You should probably use URL.hostname. If you need to process an incredibly large number of URLs (where performance would be a factor), consider RegEx.

Answer 6

Parsing a URL can be tricky because you can have port numbers and special chars. As such, I recommend using something like parseUri to do this for you. I doubt performance is going to be a issue unless you are parsing hundreds of URLs.

Answer 7

If you end up on this page and you are looking for the best REGEX of URLS try this one:

^(?:https?:)?(?:\/\/)?([^\/\?]+)

https://regex101.com/r/pX5dL9/1

You can use it like below and also with case insensitive manner to match with HTTPS and HTTP as well.:

const match = str.match(/^(?:https?:)?(?:\/\/)?([^\/\?]+)/i);
const hostname = match && match[1];

It works for urls without http:// , with http, with https, with just // and dont grab the path and query path as well.

Good Luck

Answer 8

I tried to use the Given solutions, the Chosen one was an overkill for my purpose and "Creating a element" one messes up for me.

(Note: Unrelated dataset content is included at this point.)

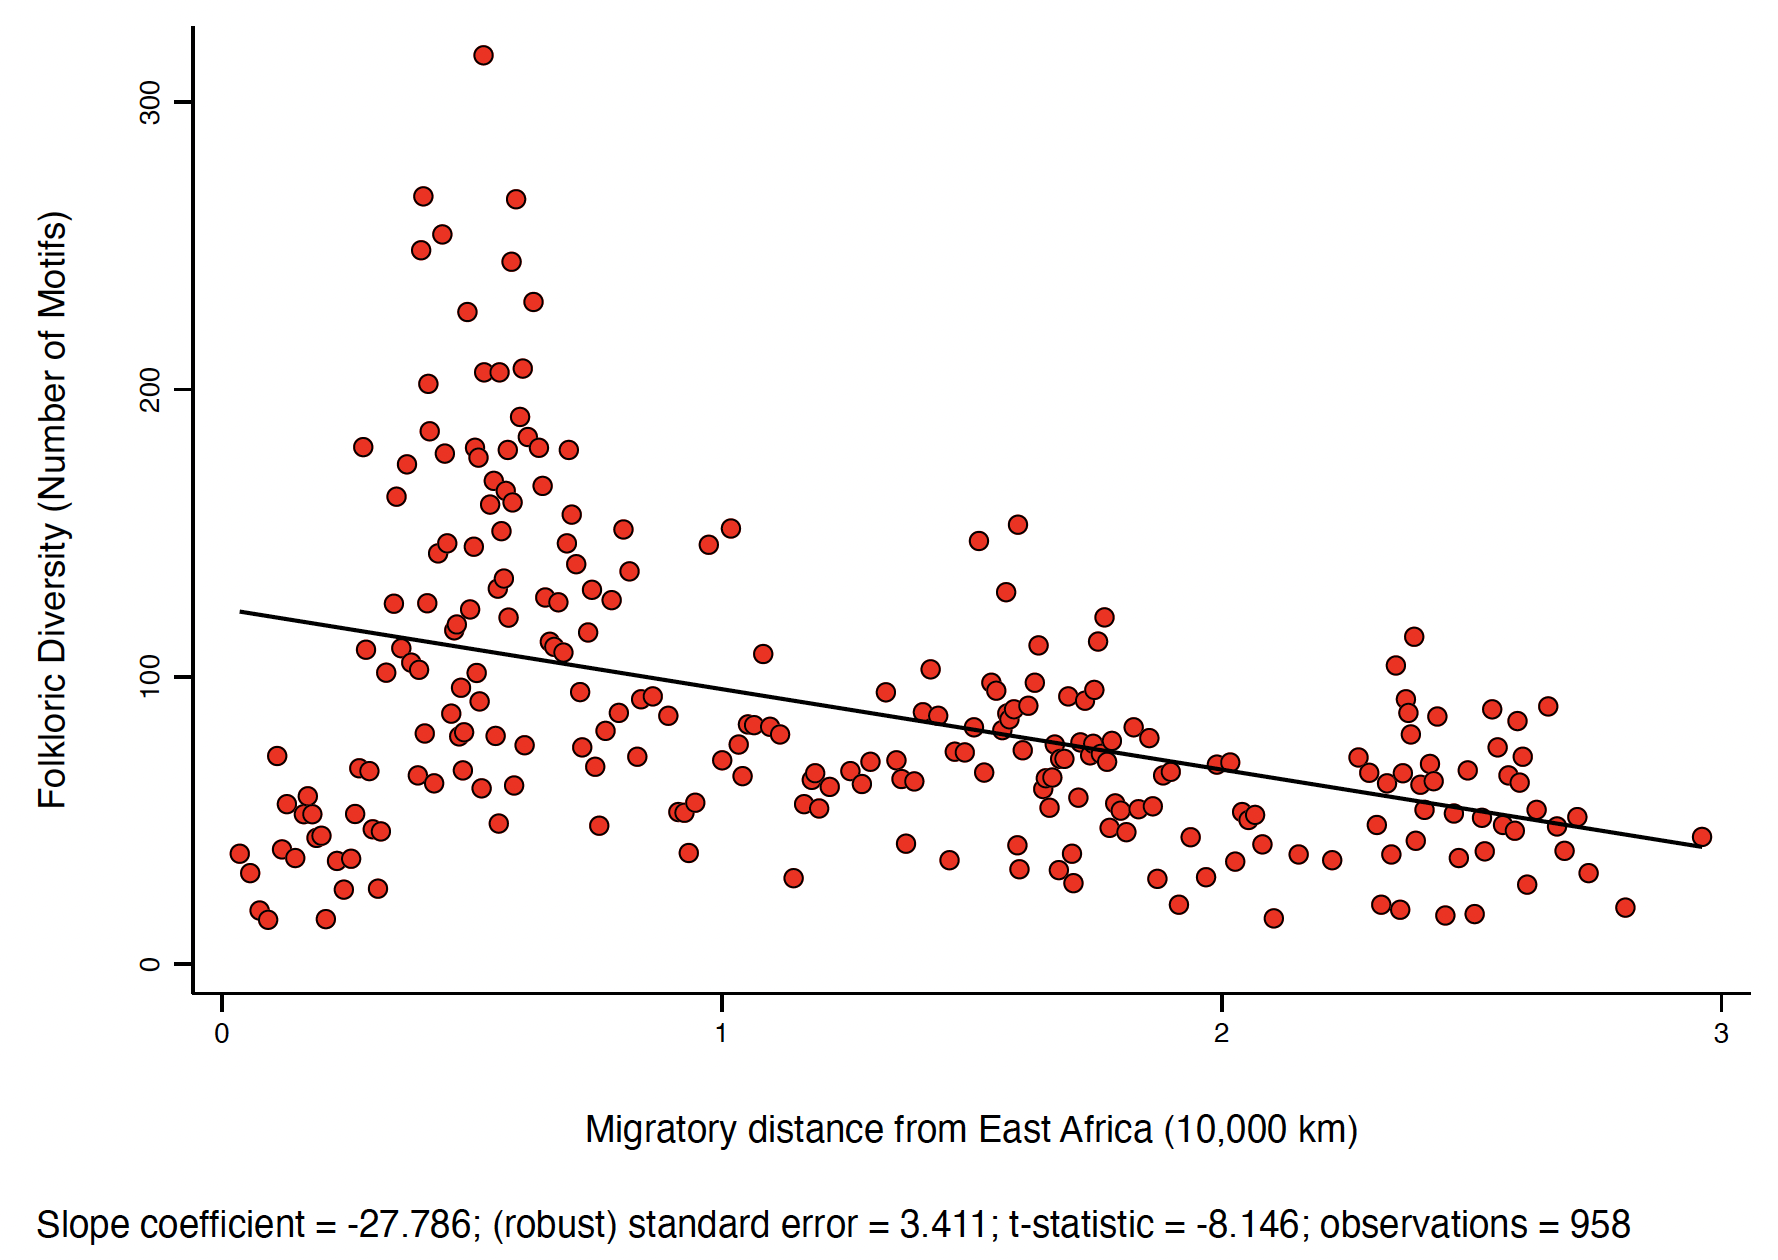 Figure 4 Number of motifs and migratory distance from Africa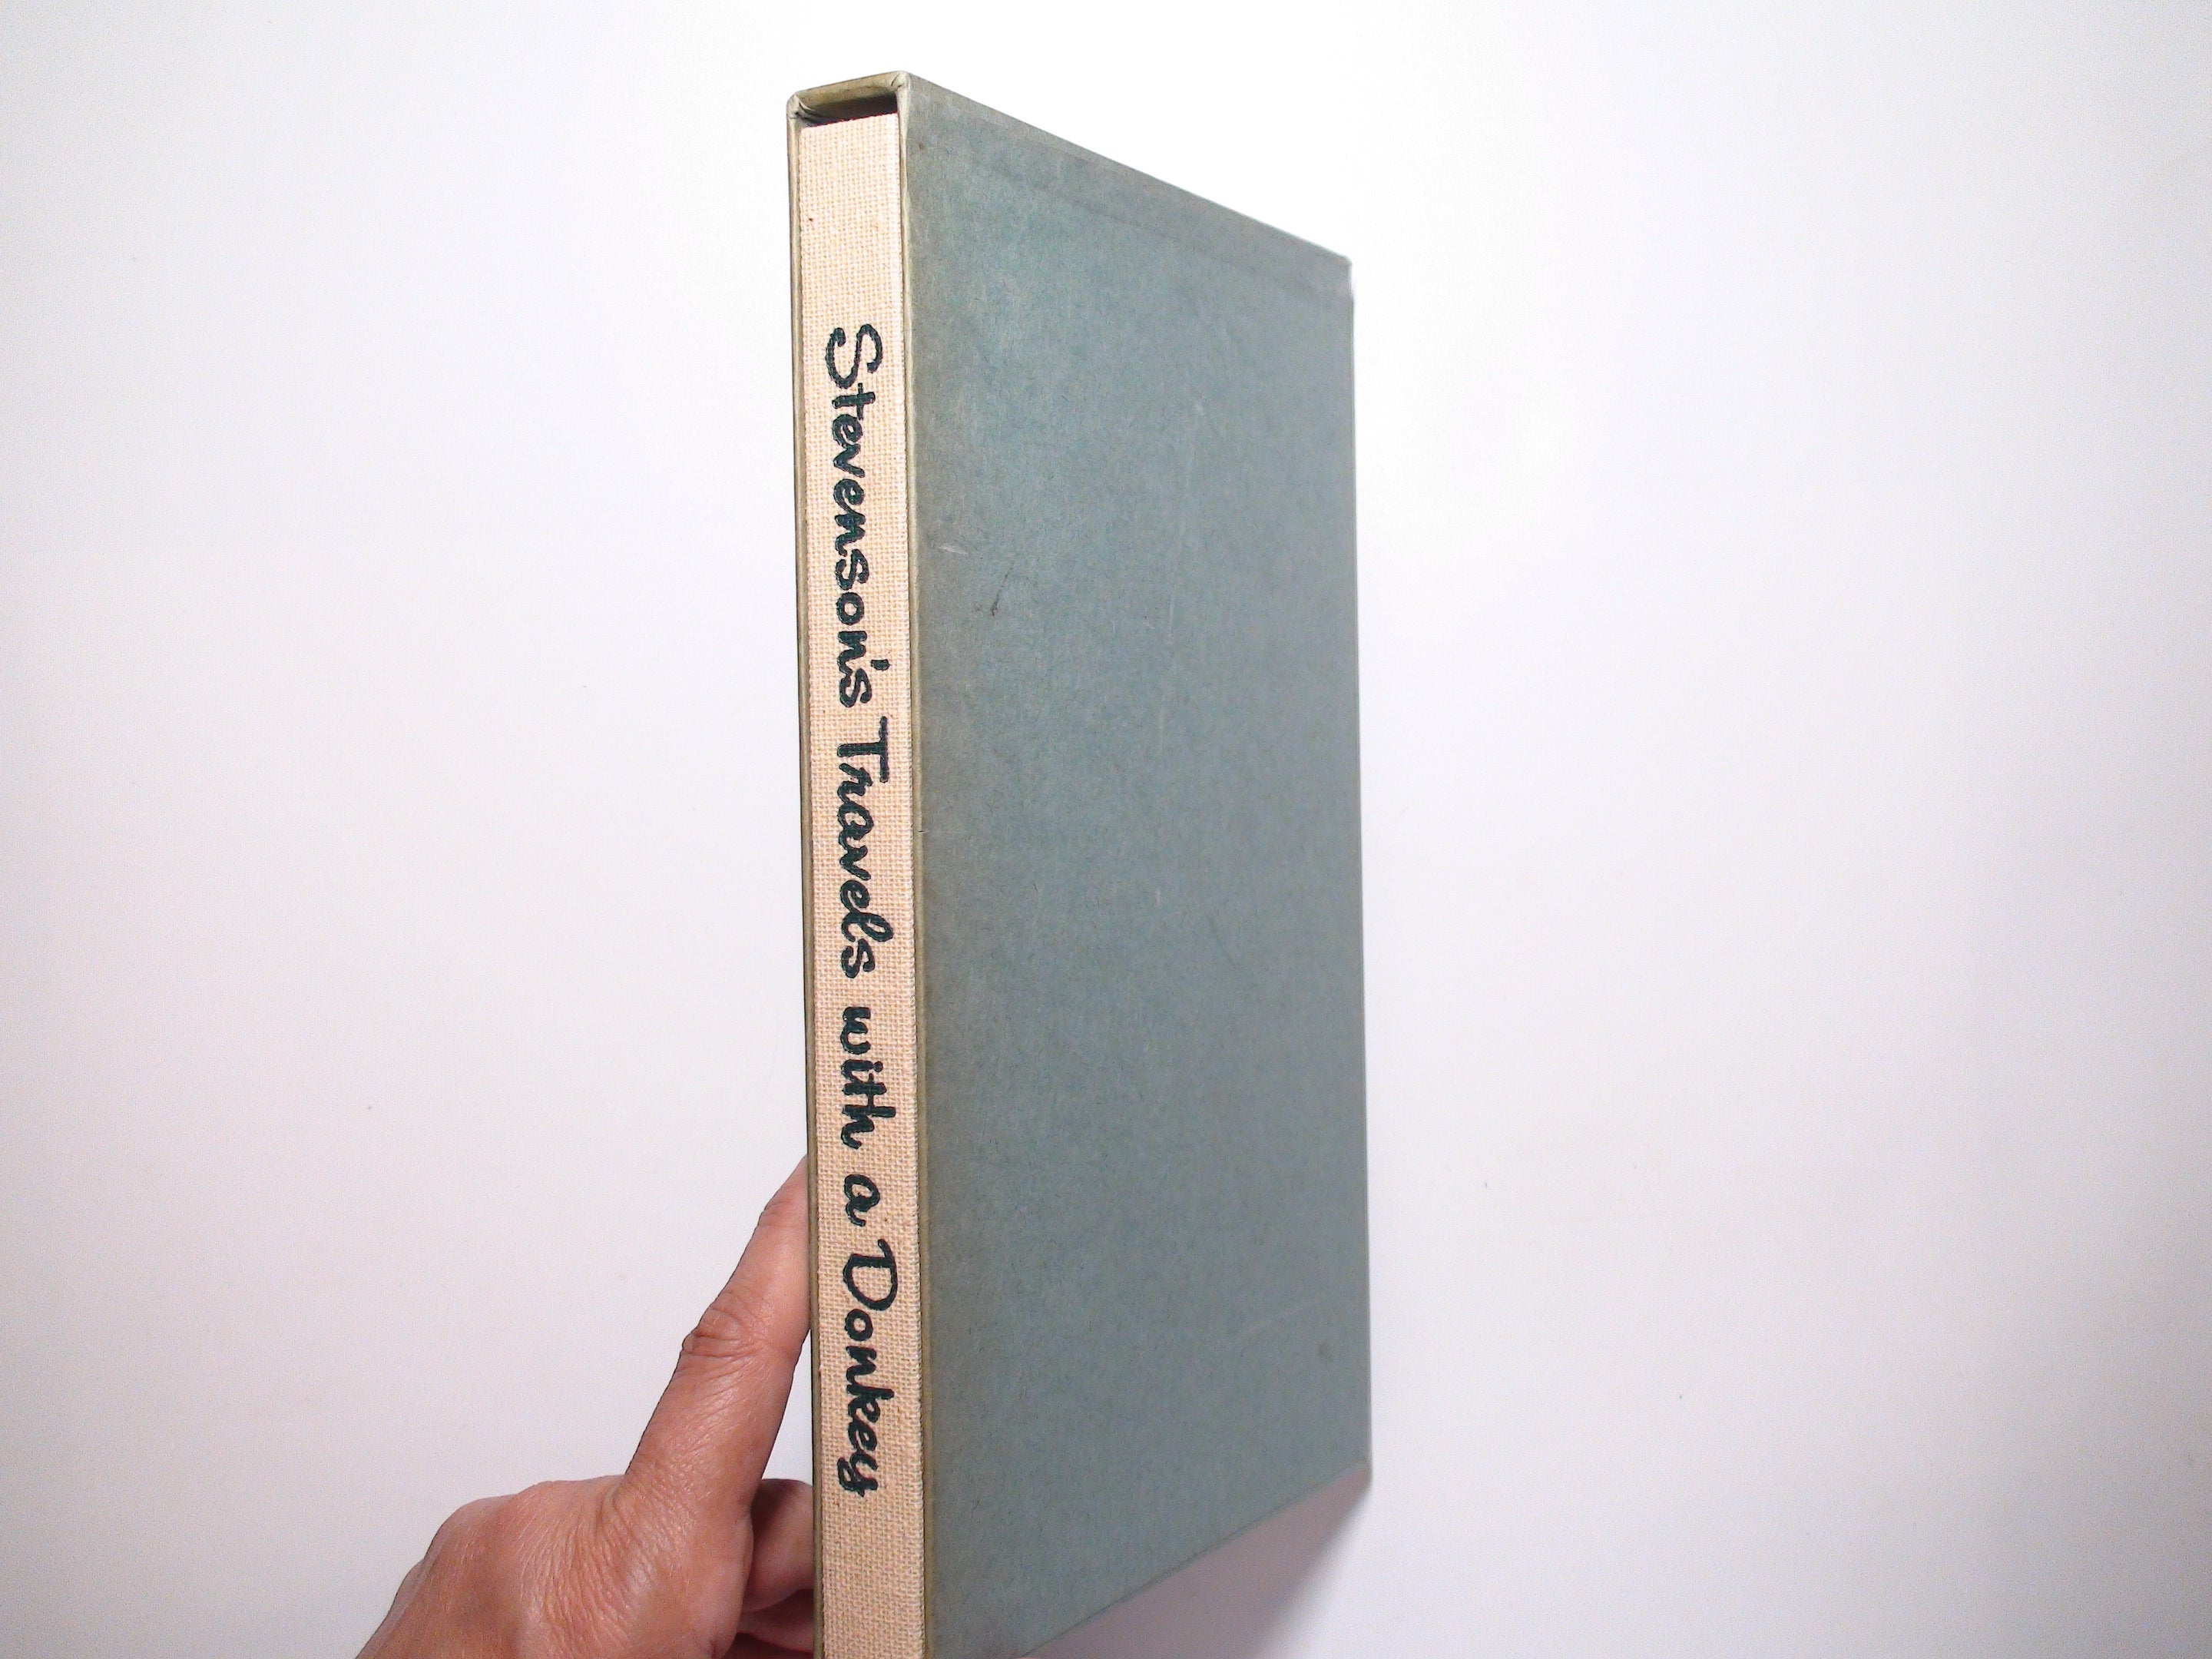 Travels With A Donkey, by Robert Louis Stevenson, 1st Ed, Slipcase, Illustrated, 1957

It's not ready for Port in URL yet. I hope someone finds it useful

function parseURL(url){
    parsed_url = {}

    if ( url == null || url.length == 0 )
        return parsed_url;

    protocol_i = url.indexOf('://');
    parsed_url.protocol = url.substr(0,protocol_i);

    remaining_url = url.substr(protocol_i + 3, url.length);
    domain_i = remaining_url.indexOf('/');
    domain_i = domain_i == -1 ? remaining_url.length - 1 : domain_i;
    parsed_url.domain = remaining_url.substr(0, domain_i);
    parsed_url.path = domain_i == -1 || domain_i + 1 == remaining_url.length ? null : remaining_url.substr(domain_i + 1, remaining_url.length);

    domain_parts = parsed_url.domain.split('.');
    switch ( domain_parts.length ){
        case 2:
          parsed_url.subdomain = null;
          parsed_url.host = domain_parts[0];
          parsed_url.tld = domain_parts[1];
          break;
        case 3:
          parsed_url.subdomain = domain_parts[0];
          parsed_url.host = domain_parts[1];
          parsed_url.tld = domain_parts[2];
          break;
        case 4:
          parsed_url.subdomain = domain_parts[0];
          parsed_url.host = domain_parts[1];
          parsed_url.tld = domain_parts[2] + '.' + domain_parts[3];
          break;
    }

    parsed_url.parent_domain = parsed_url.host + '.' + parsed_url.tld;

    return parsed_url;
}

---

Running this:

parseURL('https://www.facebook.com/100003379429021_356001651189146');

Result:

Object {
    domain : "www.facebook.com",
    host : "facebook",
    path : "100003379429021_356001651189146",
    protocol : "https",
    subdomain : "www",
    tld : "com"
}

Answer 9

All url properties, no dependencies, no JQuery, easy to understand

This solution gives your answer plus additional properties. No JQuery or other dependencies required, paste and go.

Usage

getUrlParts("https://news.google.com/news/headlines/technology.html?ned=us&hl=en")

Output

{
  "origin": "https://news.google.com",
  "domain": "news.google.com",
  "subdomain": "news",
  "domainroot": "google.com",
  "domainpath": "news.google.com/news/headlines",
  "tld": ".com",
  "path": "news/headlines/technology.html",
  "query": "ned=us&hl=en",
  "protocol": "https",
  "port": 443,
  "parts": [
    "news",
    "google",
    "com"
  ],
  "segments": [
    "news",
    "headlines",
    "technology.html"
  ],
  "params": [
    {
      "key": "ned",
      "val": "us"
    },
    {
      "key": "hl",
      "val": "en"
    }
  ]
}

Code
The code is designed to be easy to understand rather than super fast. It can be called easily 100 times per second, so it's great for front end or a few server usages, but not for high volume throughput.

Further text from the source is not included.